At this point we have two use case. First is simple and resolve by the ordinary way of tQl operators appliyng.
select count(tasks.id)
, sum(custom.worklogs.duration)
, priorityName
from ticket
group by priorityName, custom.worklogs[], tasks[]
Secon one is nested in nested. Nested-in-nested querying follows the same core rules as regular nested queries, with an additional layer of complexity due to deeper hierarchy levels. The rules remain the same, but they must be applied at each level of nesting. A sample dataset contain multiple levels of nesting, such as:
- A ticket contains multiple tasks.
- Each task contains multiple history entries.
The querying such a structure requires conditions on multiple levels of nesting, as seen in this query:
select converted key
, tasks.name
, tasks[id IS NOT NULL].history[startTime IS NOT NULL].changes
from ticket
where tasks[id IS NOT NULL].history[startTime IS NOT NULL] and key like 'ebox-51%'
key | tasks.name | tasks.history.changes |
---|---|---|
EBOX-514 | Řešení | [["USER","USER_GROUP"],["USER","USER_GROUP"],["USER","USER_GROUP"],["USER_GROUP"],["USER","USER_GROUP"]] |
EBOX-515 | Řešení | [["USER", "USER_GROUP" ], [ "USER", "USER_GROUP" ], [ "USER", "USER_GROUP" ] ] |
EBOX-516 | Řešení | [ [ "USER", "USER_GROUP" ], [ "USER", "USER_GROUP" ], [ "USER", "USER_GROUP" ] ] |
EBOX-519 | Řešení | [ [ "USER", "USER_GROUP" ] ] |
Handling NULL Values in Nested Queries
NULL Values Must Be Explicitly Filtered in tQL Filtering NULL values is crucial in tQL to prevent unwanted results, especially in GROUP BY queries where missing values can distort aggregations or lead to incorrect dataset outputs. To ensure accuracy in queries, apply explicit NULL checks at relevant levels:
-
Filter out NULL tasks before accessing subfields: tasks[id IS NOT NULL]
-
Filter out NULL history records before accessing subfields: history[startTime IS NOT NULL]
NULL filtering is not limited to changes.

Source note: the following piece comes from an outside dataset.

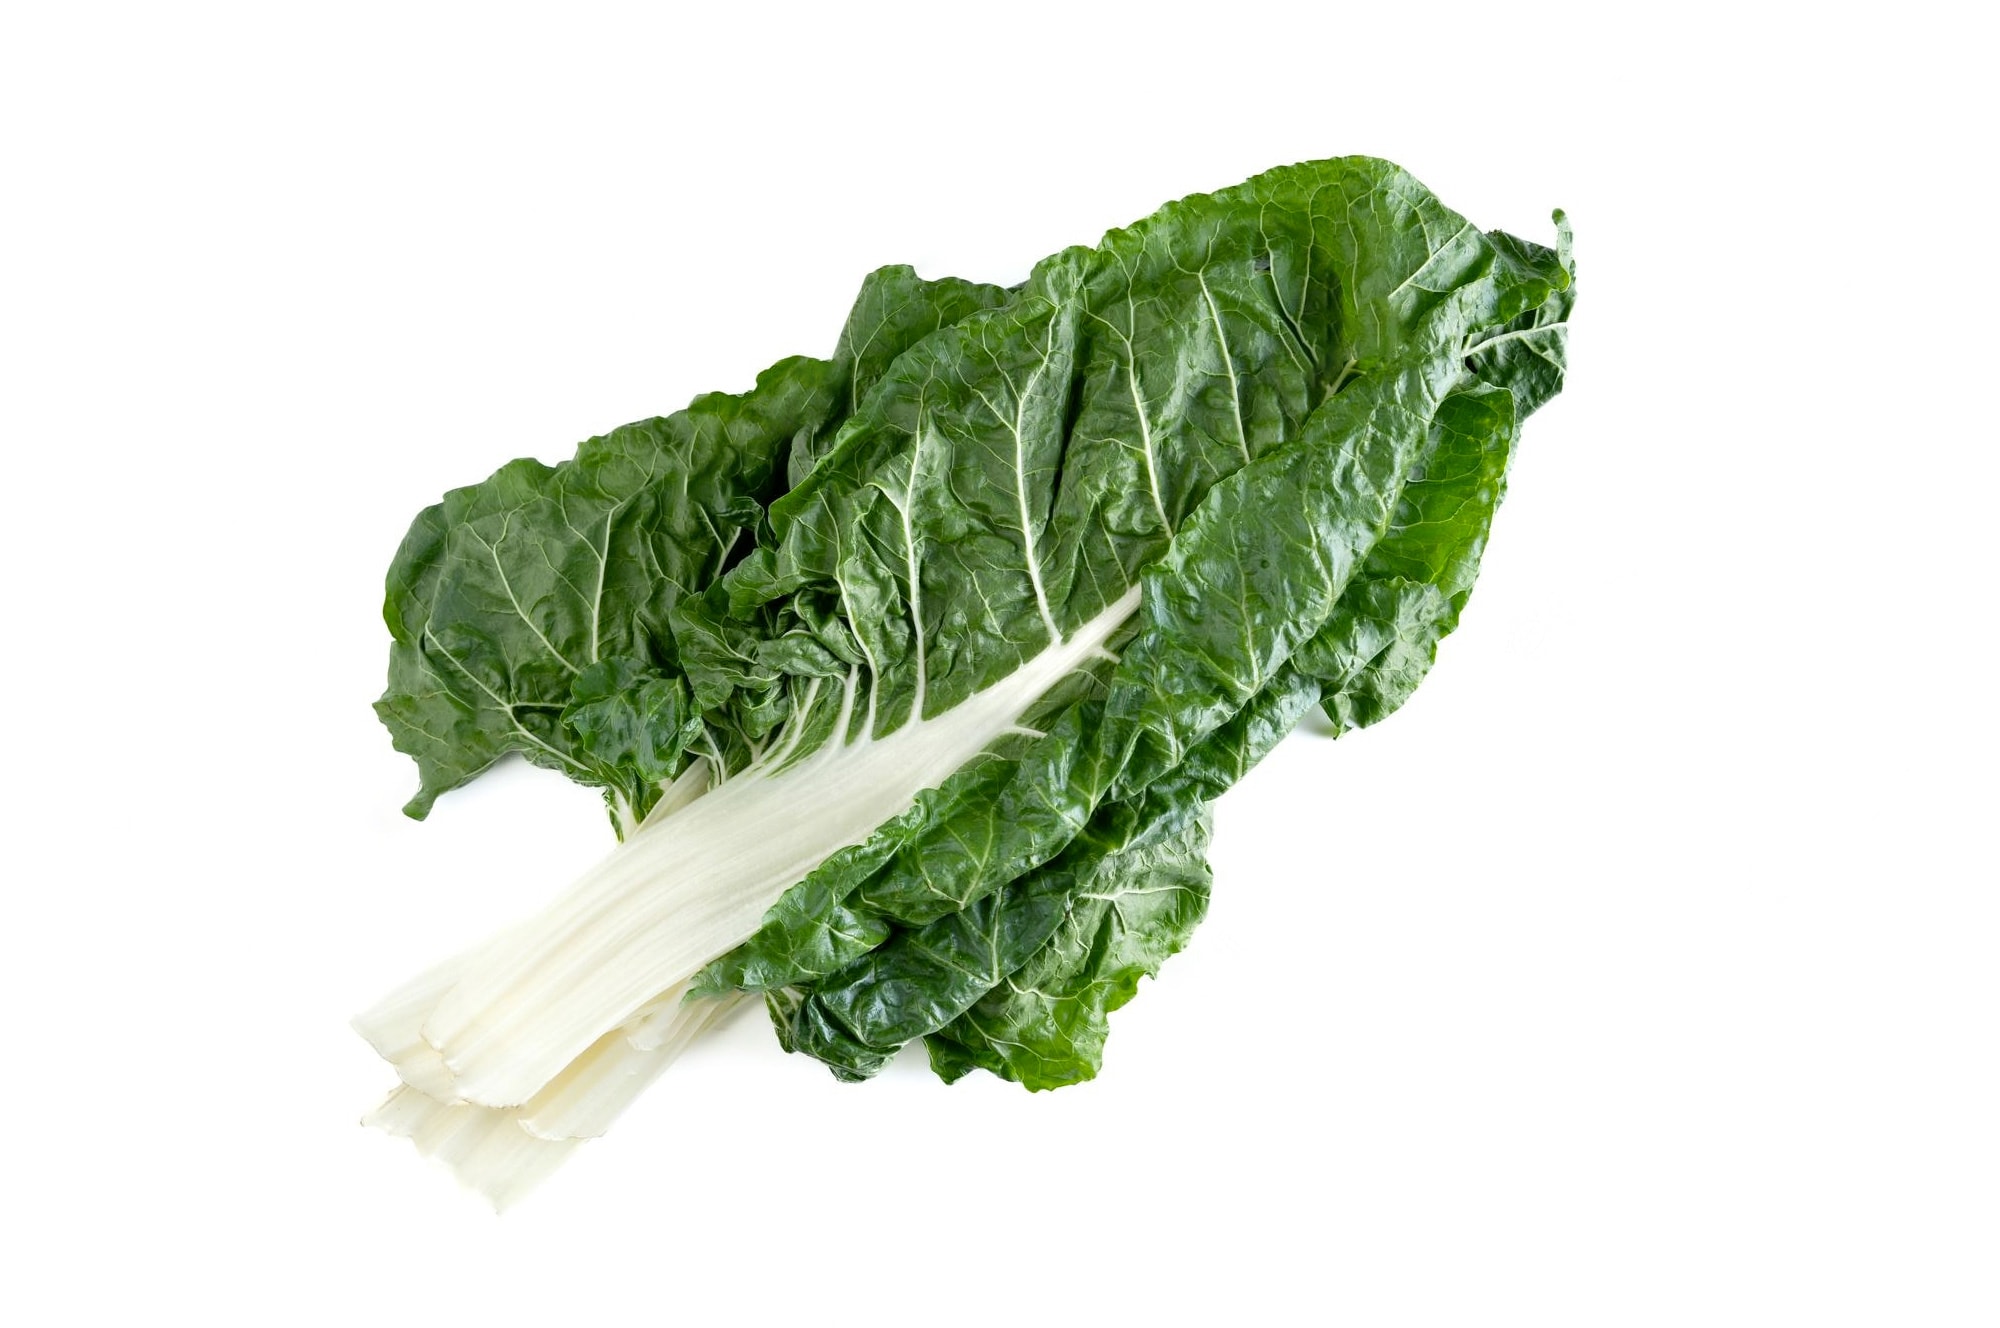 Silverbeet leaves isolated on a white background.

The filter should be adapted to the specific predicate needed for accurate results. For example, if filtering on status:
tasks[active=true].history[changes = 'USER_GROUP']
select converted() key
, tasks.name
, tasks[id IS NOT NULL].history.changes
, sum(tasks[].history[].duration) as "Duration"
from ticket
where tasks[id IS NOT NULL].history[startTime IS NOT NULL]
group by tasks[id IS NOT NULL].history[startTime IS NOT NULL].changes, tasks[id IS NOT NULL].name, key
key | tasks.name | tasks.history.changes | Duration |
---|---|---|---|
ebox-514 | Řešení | USER_GROUP | 951357 |
ebox-514 | Řešení | USER | 951352 |
ebox-515 | Řešení | USER | 1538050 |
ebox-515 | Řešení | USER_GROUP | 1538050 |
ebox-516 | Řešení | USER | 1207300 |
ebox-516 | Řešení | USER_GROUP | 1207300 |
ebox-519 | Řešení | USER | 1173 |
ebox-519 | Řešení | USER_GROUP | 1173 |